BRIEF DESCRIPTION OF DRAWINGS
[0016] FIG. 1 is a block diagram of a biopsy support apparatus
according to a first embodiment.
[0017] FIG. 2A is an overall view of a biopsy probe according to
the first embodiment.
[0018] FIG. 2B is a top view of a puncture needle according to the
first embodiment and a cross-sectional view taken along line
A-A'.
[0019] FIG. 2C is a side view of the puncture needle and a
cross-sectional view taken along line B-B'.
[0020] FIG. 2D is a sectional view of a search needle according to
the first embodiment.
[0021] FIG. 3 is a flowchart for explaining a method for supporting
biopsy according to the first embodiment.
[0022] FIG. 4A is a schematic diagram for explaining the
relationship among a breast, an ultrasonic probe, and the puncture
needle according to the first embodiment.
[0023] FIG. 4B is a side view of the same.
[0024] FIG. 5A is a schematic diagram for explaining the
relationship between an ultrasonic image and OCT images according
to the first embodiment.
[0025] FIG. 5B is a schematic diagram of OCT volume data according
to the first embodiment.
[0026] FIG. 6A is a schematic diagram illustrating a state in which
the tissue is to be cut off according to the first embodiment.
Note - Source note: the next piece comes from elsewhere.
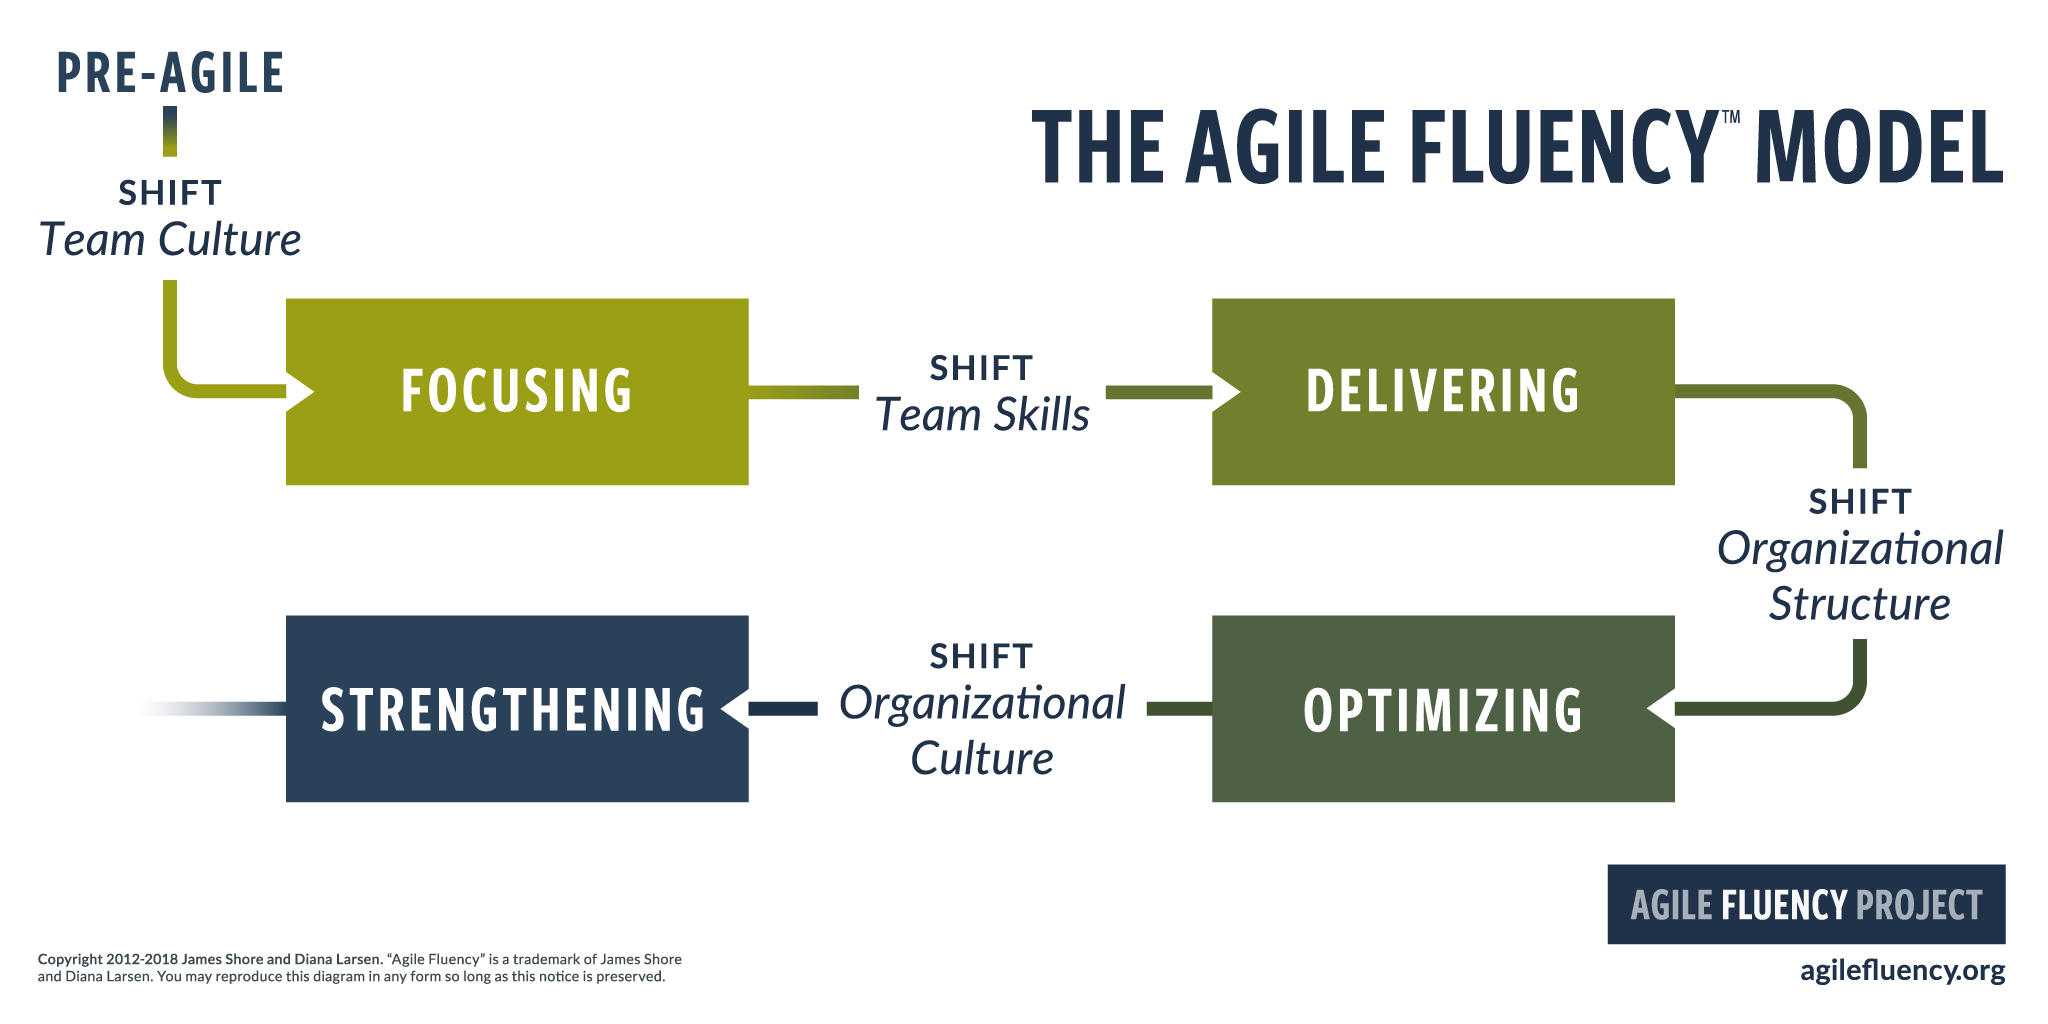 The Agile Fluency Model, showing a path starting with 'Pre-Agile', followed by a team culture shift, then the 'Focusing' zone. The path continues with a team skills shift that leads to the 'Delivering' zone. Next, an organizational structure shift leads to the 'Optimizing' zone. Finally, an organizational culture shift leads to the 'Strengthening' zone. After that, the path fades out as it continues on to zones yet undiscovered.

[0027] FIG. 6B is a schematic diagram illustrating a state in which
the tissue is to be cut off according to the first embodiment.
[0028] FIG. 6C is a schematic diagram illustrating a state in which
the tissue is to be cut off according to the first embodiment.
[0029] FIG. 6D is a schematic diagram illustrating a state in which
the tissue is to be cut off according to the first embodiment.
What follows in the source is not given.